Email: [email protected]
Parents and students, this is your opportunity to learn a little bit about me. I began teaching at St. George in 2006 and many of you have had the opportunity to get to know me. I love teaching and learning new things. I especially love teaching at St. George. In my spare time, I also enjoy gardening, golf, and spending time with my family. My husband and I live on a farm in Berger. God has blessed up with the opportunity to nurture many animals, crops, two children, and now our grandchildren.
I graduated from the University of Missouri-Columbia in 1977 with a B.S. degree in Education (certifications in math, physics & computer science). In 1992, I graduated from Maryville University with a Masters Degree in Gifted Education. I also attended Lindenwood University and received my certification in Administration. I taught for twelve years at Union High School and for thirteen years in the Rockwood School District before retiring from the public school system.
My Teaching Philosophy:
Children have a great curiosity about their world.

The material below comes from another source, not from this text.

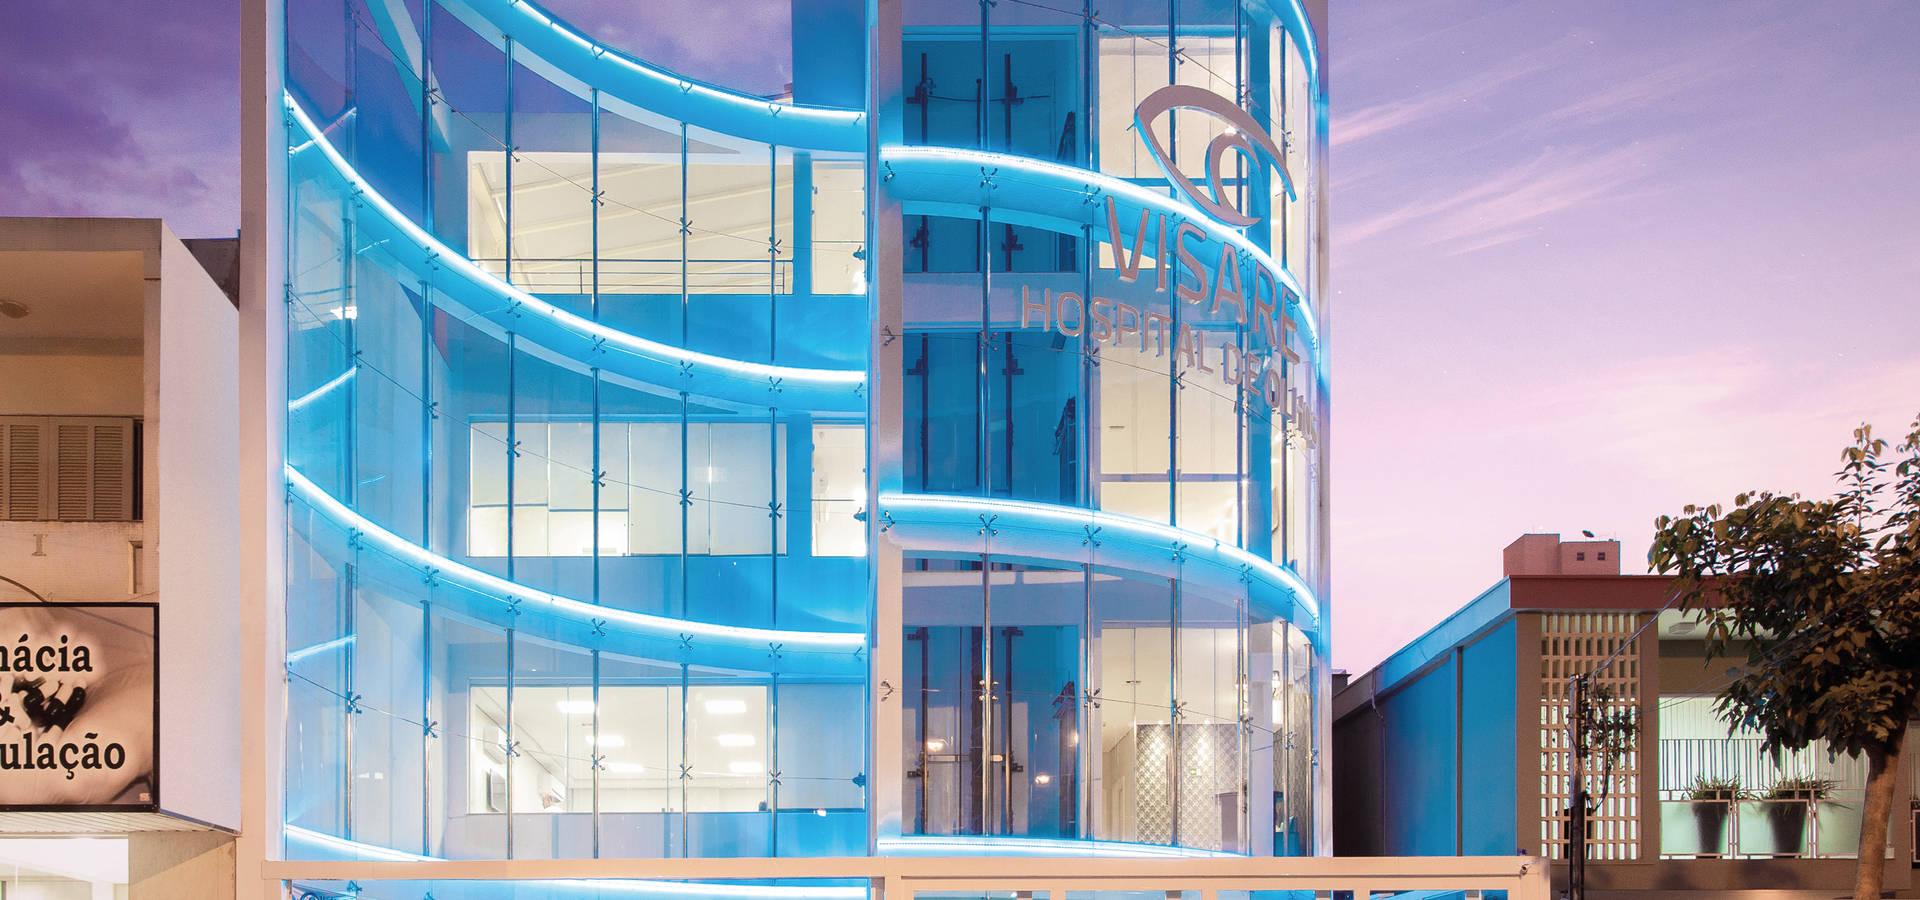 mariaeunicearquitetura

As a teacher, I embrace the opportunity to nurture that curiosity. When a child enters my classroom, I want them to experience a sense of wonder, to be filled with questions and curiosity, and I want to instill in them a desire to discover the answers to those questions.
I believe my students can reach outstanding heights in fulfilling their potential when parents, students, and I work as a team. Communication is the key to the success of that team. Teaching is not easy for me, nor would I ever want it to be. The challenge and the demands make it all the more exciting. In the end, I hope that I can instill the thrill and excitement of learning in all my students. Regardless of what details of a unit they may remember, I consider my greatest successes those students who tell me they have learned to think rather than memorize, to question rather than just answer, and to express curiosity rather than conformity.
To quote Ernest Boyer, “Good teaching means that faculty, as scholars, are also learners.”